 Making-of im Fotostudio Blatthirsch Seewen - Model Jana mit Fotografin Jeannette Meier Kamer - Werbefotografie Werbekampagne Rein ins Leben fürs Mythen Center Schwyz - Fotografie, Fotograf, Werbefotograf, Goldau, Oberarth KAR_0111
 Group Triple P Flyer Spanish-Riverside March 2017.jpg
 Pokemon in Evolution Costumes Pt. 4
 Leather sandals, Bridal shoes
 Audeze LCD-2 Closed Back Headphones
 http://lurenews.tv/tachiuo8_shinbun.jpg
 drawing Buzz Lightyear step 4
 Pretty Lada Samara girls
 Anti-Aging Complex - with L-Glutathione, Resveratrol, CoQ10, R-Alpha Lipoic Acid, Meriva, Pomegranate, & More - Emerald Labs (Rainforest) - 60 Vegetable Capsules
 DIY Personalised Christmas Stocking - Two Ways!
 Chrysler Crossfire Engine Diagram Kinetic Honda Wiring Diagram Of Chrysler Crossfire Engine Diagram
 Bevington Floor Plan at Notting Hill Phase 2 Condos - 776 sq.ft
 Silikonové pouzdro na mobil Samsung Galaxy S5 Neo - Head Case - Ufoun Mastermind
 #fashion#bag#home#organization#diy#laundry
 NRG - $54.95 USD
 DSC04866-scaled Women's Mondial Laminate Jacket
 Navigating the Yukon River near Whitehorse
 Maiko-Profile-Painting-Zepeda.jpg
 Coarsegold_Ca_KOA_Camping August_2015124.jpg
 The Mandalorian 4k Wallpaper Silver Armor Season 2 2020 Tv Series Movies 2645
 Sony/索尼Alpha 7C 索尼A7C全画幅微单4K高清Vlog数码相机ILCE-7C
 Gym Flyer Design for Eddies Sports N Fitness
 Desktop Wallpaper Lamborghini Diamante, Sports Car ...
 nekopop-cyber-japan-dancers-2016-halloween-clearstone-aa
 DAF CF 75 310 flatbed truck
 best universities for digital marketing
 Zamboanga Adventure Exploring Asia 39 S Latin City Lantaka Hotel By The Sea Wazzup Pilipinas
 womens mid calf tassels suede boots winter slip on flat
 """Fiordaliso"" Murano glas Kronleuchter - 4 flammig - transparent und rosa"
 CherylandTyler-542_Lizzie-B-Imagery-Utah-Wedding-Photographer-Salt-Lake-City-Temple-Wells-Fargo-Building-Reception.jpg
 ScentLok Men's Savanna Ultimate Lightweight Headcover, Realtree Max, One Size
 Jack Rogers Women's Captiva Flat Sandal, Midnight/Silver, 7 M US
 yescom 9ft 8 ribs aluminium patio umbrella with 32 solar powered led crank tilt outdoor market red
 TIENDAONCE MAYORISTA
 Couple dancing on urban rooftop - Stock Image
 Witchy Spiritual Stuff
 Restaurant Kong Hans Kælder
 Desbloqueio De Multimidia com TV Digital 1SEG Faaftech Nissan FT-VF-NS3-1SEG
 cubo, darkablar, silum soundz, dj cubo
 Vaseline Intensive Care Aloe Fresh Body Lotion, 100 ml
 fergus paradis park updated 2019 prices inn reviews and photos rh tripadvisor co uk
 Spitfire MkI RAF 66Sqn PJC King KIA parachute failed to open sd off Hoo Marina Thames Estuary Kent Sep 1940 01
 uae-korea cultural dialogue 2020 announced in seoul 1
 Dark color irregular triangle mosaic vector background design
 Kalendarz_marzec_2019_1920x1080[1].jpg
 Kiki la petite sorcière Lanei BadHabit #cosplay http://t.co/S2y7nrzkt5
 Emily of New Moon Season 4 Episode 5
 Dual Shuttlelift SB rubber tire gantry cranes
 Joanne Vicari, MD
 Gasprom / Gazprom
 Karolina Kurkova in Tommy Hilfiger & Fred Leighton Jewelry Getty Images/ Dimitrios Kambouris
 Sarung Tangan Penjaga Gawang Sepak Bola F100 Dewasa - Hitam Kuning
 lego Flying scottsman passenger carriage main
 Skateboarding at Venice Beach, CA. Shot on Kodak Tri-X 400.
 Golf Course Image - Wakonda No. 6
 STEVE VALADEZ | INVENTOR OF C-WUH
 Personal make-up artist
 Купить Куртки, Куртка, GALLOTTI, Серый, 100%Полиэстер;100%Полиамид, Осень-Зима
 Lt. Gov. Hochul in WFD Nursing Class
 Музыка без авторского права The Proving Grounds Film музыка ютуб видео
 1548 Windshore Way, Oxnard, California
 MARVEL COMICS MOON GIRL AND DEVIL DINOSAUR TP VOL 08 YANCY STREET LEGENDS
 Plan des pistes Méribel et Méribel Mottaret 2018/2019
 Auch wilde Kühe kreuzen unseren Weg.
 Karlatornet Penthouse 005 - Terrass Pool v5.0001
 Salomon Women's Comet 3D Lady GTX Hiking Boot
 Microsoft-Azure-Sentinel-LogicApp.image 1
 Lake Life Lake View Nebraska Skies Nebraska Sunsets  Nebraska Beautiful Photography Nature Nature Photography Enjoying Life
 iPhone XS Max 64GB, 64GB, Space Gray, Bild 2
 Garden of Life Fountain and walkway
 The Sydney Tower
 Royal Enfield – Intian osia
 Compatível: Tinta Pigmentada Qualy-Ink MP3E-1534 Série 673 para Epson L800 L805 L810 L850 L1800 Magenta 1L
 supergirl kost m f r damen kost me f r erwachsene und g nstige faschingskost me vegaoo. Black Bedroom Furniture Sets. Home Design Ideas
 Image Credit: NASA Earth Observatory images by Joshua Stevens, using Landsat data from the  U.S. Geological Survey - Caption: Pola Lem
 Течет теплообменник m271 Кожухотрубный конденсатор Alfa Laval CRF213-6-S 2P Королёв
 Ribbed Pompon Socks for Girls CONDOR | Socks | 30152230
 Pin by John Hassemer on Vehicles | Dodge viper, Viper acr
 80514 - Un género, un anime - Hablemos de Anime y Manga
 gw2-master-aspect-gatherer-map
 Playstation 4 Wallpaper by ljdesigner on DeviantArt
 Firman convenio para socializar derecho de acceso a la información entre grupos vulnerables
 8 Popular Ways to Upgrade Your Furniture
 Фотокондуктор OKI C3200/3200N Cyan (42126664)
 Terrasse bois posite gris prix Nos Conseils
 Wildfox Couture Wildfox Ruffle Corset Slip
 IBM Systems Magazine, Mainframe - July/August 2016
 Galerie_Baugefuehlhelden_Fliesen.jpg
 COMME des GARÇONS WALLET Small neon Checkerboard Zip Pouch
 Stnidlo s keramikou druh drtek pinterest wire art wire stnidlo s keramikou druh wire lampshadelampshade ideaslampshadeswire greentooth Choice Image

++++++

◆ Exercise aim: Give back the records above exactly, limited to the lines between the one holding "Silikonové pouzdro na" and the one holding "Vaseline Intensive Care", inclusive.

◆ Problem solution:
 Silikonové pouzdro na mobil Samsung Galaxy S5 Neo - Head Case - Ufoun Mastermind
 #fashion#bag#home#organization#diy#laundry
 NRG - $54.95 USD
 DSC04866-scaled Women's Mondial Laminate Jacket
 Navigating the Yukon River near Whitehorse
 Maiko-Profile-Painting-Zepeda.jpg
 Coarsegold_Ca_KOA_Camping August_2015124.jpg
 The Mandalorian 4k Wallpaper Silver Armor Season 2 2020 Tv Series Movies 2645
 Sony/索尼Alpha 7C 索尼A7C全画幅微单4K高清Vlog数码相机ILCE-7C
 Gym Flyer Design for Eddies Sports N Fitness
 Desktop Wallpaper Lamborghini Diamante, Sports Car ...
 nekopop-cyber-japan-dancers-2016-halloween-clearstone-aa
 DAF CF 75 310 flatbed truck
 best universities for digital marketing
 Zamboanga Adventure Exploring Asia 39 S Latin City Lantaka Hotel By The Sea Wazzup Pilipinas
 womens mid calf tassels suede boots winter slip on flat
 """Fiordaliso"" Murano glas Kronleuchter - 4 flammig - transparent und rosa"
 CherylandTyler-542_Lizzie-B-Imagery-Utah-Wedding-Photographer-Salt-Lake-City-Temple-Wells-Fargo-Building-Reception.jpg
 ScentLok Men's Savanna Ultimate Lightweight Headcover, Realtree Max, One Size
 Jack Rogers Women's Captiva Flat Sandal, Midnight/Silver, 7 M US
 yescom 9ft 8 ribs aluminium patio umbrella with 32 solar powered led crank tilt outdoor market red
 TIENDAONCE MAYORISTA
 Couple dancing on urban rooftop - Stock Image
 Witchy Spiritual Stuff
 Restaurant Kong Hans Kælder
 Desbloqueio De Multimidia com TV Digital 1SEG Faaftech Nissan FT-VF-NS3-1SEG
 cubo, darkablar, silum soundz, dj cubo
 Vaseline Intensive Care Aloe Fresh Body Lotion, 100 ml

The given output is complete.